A Venezuelan automobile assembly plant, MMC, intends to restart output of Hyundai Motor vehicles by 2018 following a five-year stop because of a lack of dollars from the government to import parts, a company executive stated.
Automobile assembly has almost ground to a halt in the crisis-stricken OPEC country for absence of parts of assembly. The nation’s currency controls need businesses to get dollars through the government, however low oil costs have left it without enough hard currency to pay out.
MMC, which assembles and offers Hyundai and Mitsubishi vehicles in Venezuela, prepares to sell imported automobiles in the coming months as it brings the factory back.
“The vehicle market is cyclical; it appears like we’ve struck the bottom and we want to be ready for much better times,” MMC Vice President Jose Gomez stated.
“We’re not going to wait for the great times to get here to begin getting ready.”
Venezuela’s recession, defined by triple-digit inflation and persistent product shortages, has annihilated the costs power of a population that for several years had the methods to buy brand-new cars.

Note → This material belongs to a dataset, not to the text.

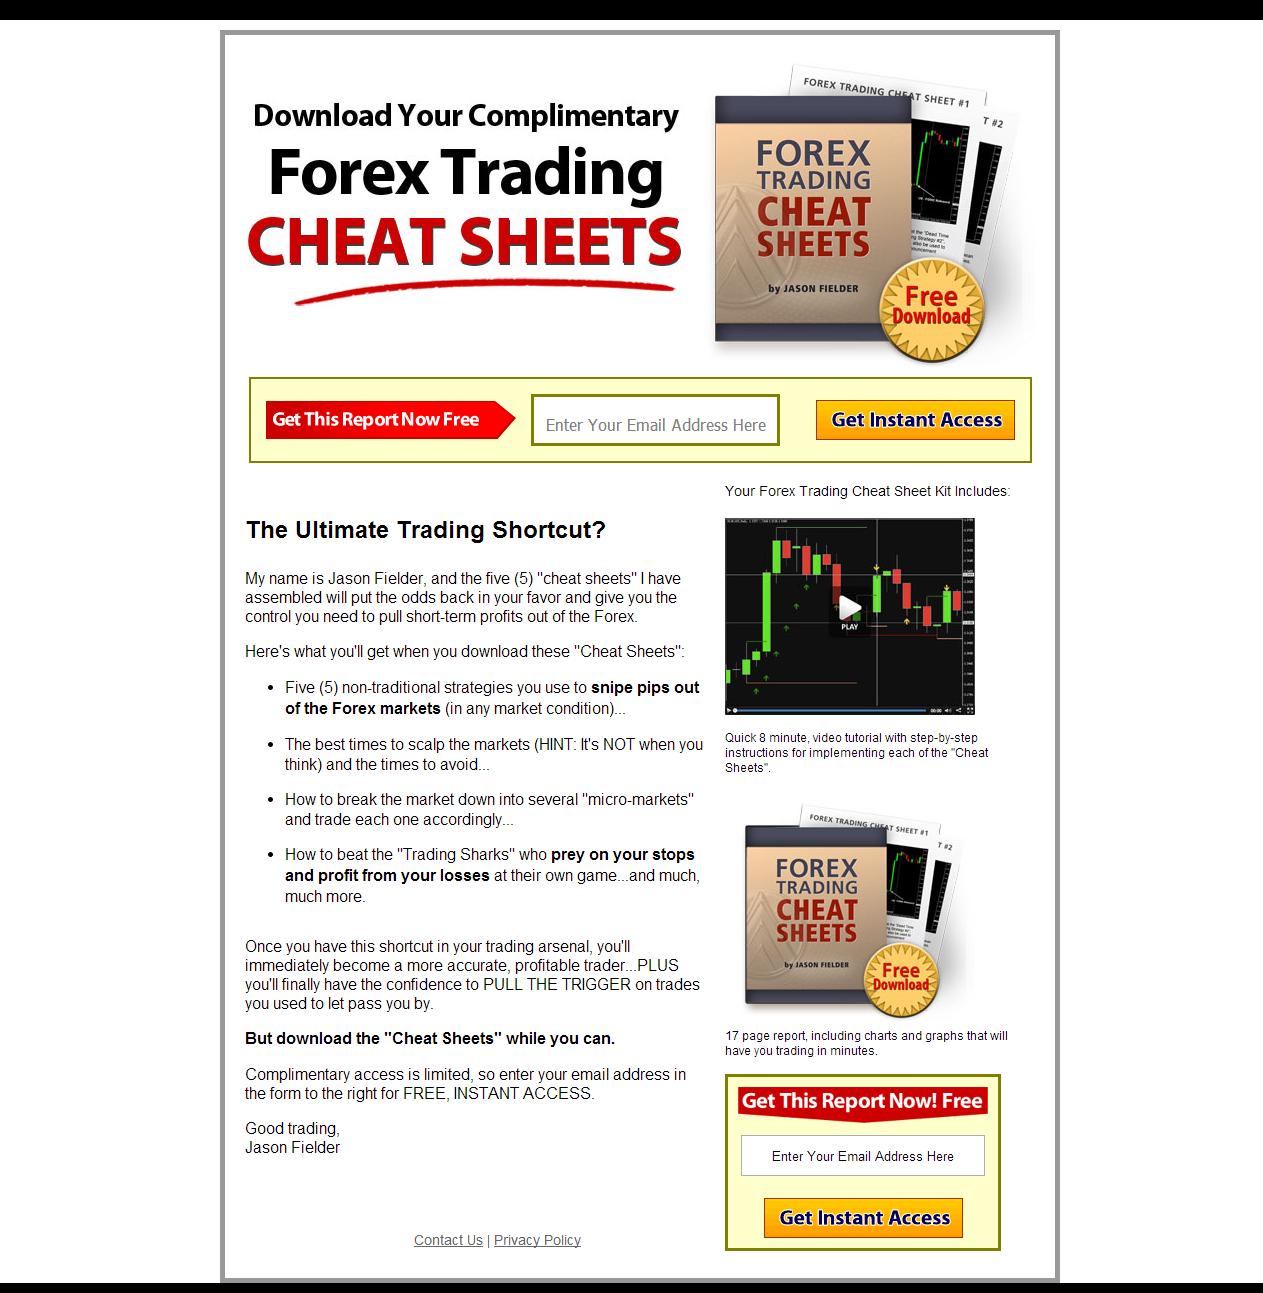 Football trading strategies free pdf download

Car assembly in 2016 sank to a historical low of 2,849 cars, almost 75 percent less than the year prior, according to Venezuela’s automotive market group.
Assembly plants have also had problem with labor disputes, that have forced a number of plants to stop operations during the last 6 months.
Hyundai’s director for Central and South America, Chenny Park, stated the company was intending to become a favorite in the Venezuelan market.
“We are starting a new age for the Hyundai brand in Venezuela,” stated Park via an interpreter.